For Federal Healthcare Agencies, a Case for Better AI Outcomes

As officials increasingly turn to algorithms for assistance, they should be wary of tools that make harnessing artificial intelligence look easy.

On Dec. 31, a Toronto-based company called BlueDot—which created and runs a global health monitoring platform driven by artificial intelligence—alerted its government and commercial clients that an unusual form of coronavirus was spreading rapidly in the Chinese port city of Wuhan. 

This was almost a full week before the Centers for Disease Control and Prevention reported the outbreak of what is now known as COVID-19, and nine days before the World Health Organization reported it. 

This anecdote reminds us that artificial intelligence is assuming an ever-larger and more critical role in public health. Private healthcare organizations have been employing artificial intelligence capabilities for years for a wide variety of use cases, and now we see federal civilian and defense healthcare agencies following suit. 

The Department of Veterans Affairs, for example, is employing AI to scan medical records to look for vets at high risk of suicide and to help VA doctors interpret cancer lab results and suggest medications. It has even stood up a new National Artificial Intelligence Institute to carry out AI research and development projects. Likewise, the National Institutes of Health, the Centers for Disease Control and Prevention, the Defense Health Agency, the Food and Drug Administration, and other healthcare-related agencies are similarly exploring and fielding AI tools in support of their many missions. 

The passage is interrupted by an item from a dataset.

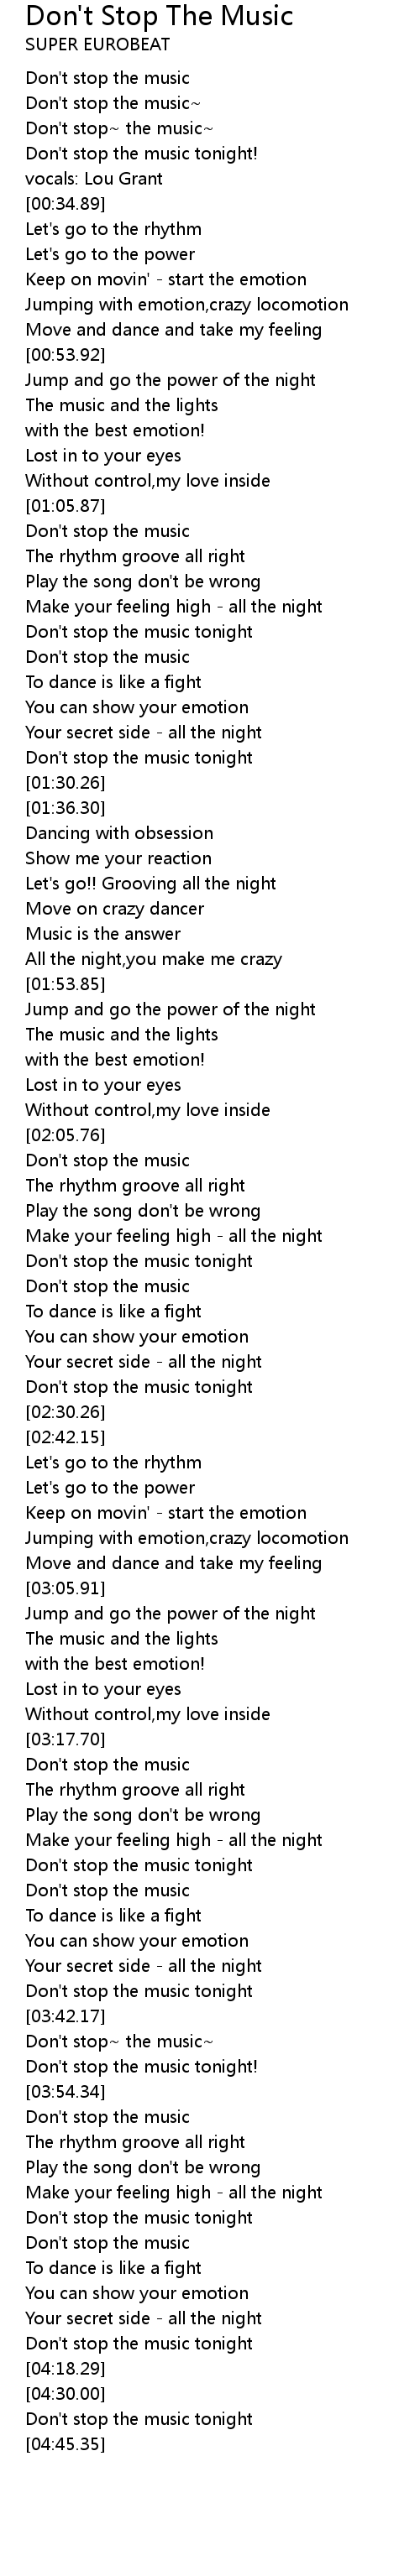 Don T Stop The Music Lyrics Follow Lyrics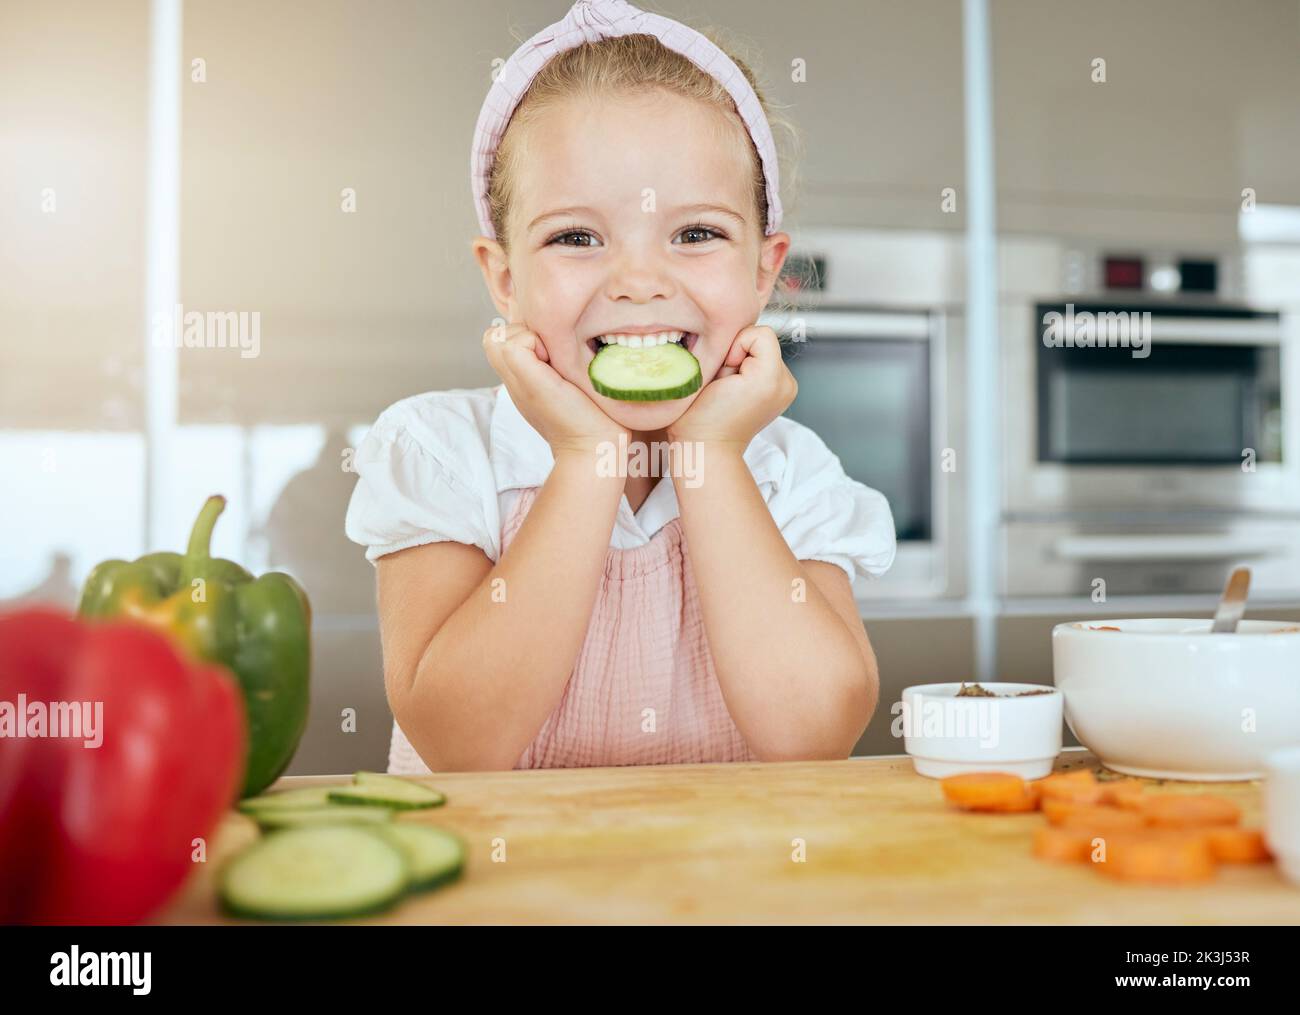 Nettes Mädchen mit einem Lächeln essen Gurke, kocht gesunde grüne Salat für eine Mahlzeit und lernen über die Ernährung Vorteile. Frisches Obst, Bio-Gemüse Stockfoto

But as agencies turn increasingly to algorithms for assistance, there is a risk. It lies in the fact that there is often a seduction with making AI look easy. Many algorithms focus on tasks like object detection, image classification, and text classification, that are easily programmable through common deep learning frameworks, with an abundance of tutorials to show how to build and train these models instantaneously. Off-the-shelf algorithms are typically trained to process a single type or “mode” of data, such as images or text, for example. And the ease and accessibility of these algorithms tempt inexperienced managers to approach every use case with a “unimodal” mindset. 

It is critical to understand that not every AI use case, especially in healthcare, can be whittled down to a single type of data. Healthcare is an extraordinarily complex domain that requires information from many sources. Unimodal algorithms that may have impressive results in a computer lab often flounder when exposed to real-world health data and use cases. This is because unimodal AI is typically limited in its ability to be effective or to “generalize” across a broad range of inputs and applications. Humans, with our innate intelligence, generalize with great ease. We can recognize a cat, for example, regardless of how it may be portrayed in a picture or which breed of cat we are looking at. Conversely, AI algorithms struggle with generalizing because they are typically designed and trained to classify only certain types of data. 

As health agencies adopt AI for applications such as precision medicine, population health, and outcomes evaluation, they should consider aggregating data from multiple sources, such as time series data from Fitbits, textual data from social media, image data from MRIs and X-rays, and columnar data from lab results. Triangulating multiple modes of data produces better results in the form of improved accuracy, more generalizable algorithms, and better insights.

Multi-modal machine learning (MMML) is an area of AI that combines multiple data types to perform real-world tasks. There are many data modalities, including natural language, infrared images, video data, MRI images, IoT streaming data, acoustic signals, and text, to name a few. And within each type, there are numerous sub-modalities.  

MMML solutions have shown improved outcomes in a wide array of use cases, including detecting lung lesions, predicting wellness, diagnosing skin cancers, predicting mild cognitive impairment, predicting pain, and more. Moreover, combining multiple data types help mitigate unintended biases that can be learned from a single data type.

This makes common sense. We know that trained healthcare providers consider multiple perspectives and sources of information every day to make expert decisions. If the AI we develop is intended to perform comparably to these experts, shouldn’t we also build multi-modal AI?

Consider again the BlueDot example. BlueDot’s health monitoring platform uses natural-language processing and machine learning to analyze billions of data points across more than 100 datasets, including about 100,000 articles in 65 languages, animal and plant disease networks, and official proclamations. And because BlueDot also analyzes global airline ticketing data, it also correctly predicted the virus’ spread from Wuhan to Bangkok, Seoul, Taipei, and Tokyo shortly thereafter. The BlueDot platform also used these many data types to correctly predict the Zika outbreak in Florida six months before the first case appeared in July 2016.

In summary, federal and defense healthcare agencies should think carefully before dedicating resources to unimodal AI research or proof-of-concept efforts.  So how might a manager choose which mode of data to use for a given use case? The best answer may sometimes be “all the above.” 

Catherine Ordun is a senior data scientist at Booz Allen Hamilton.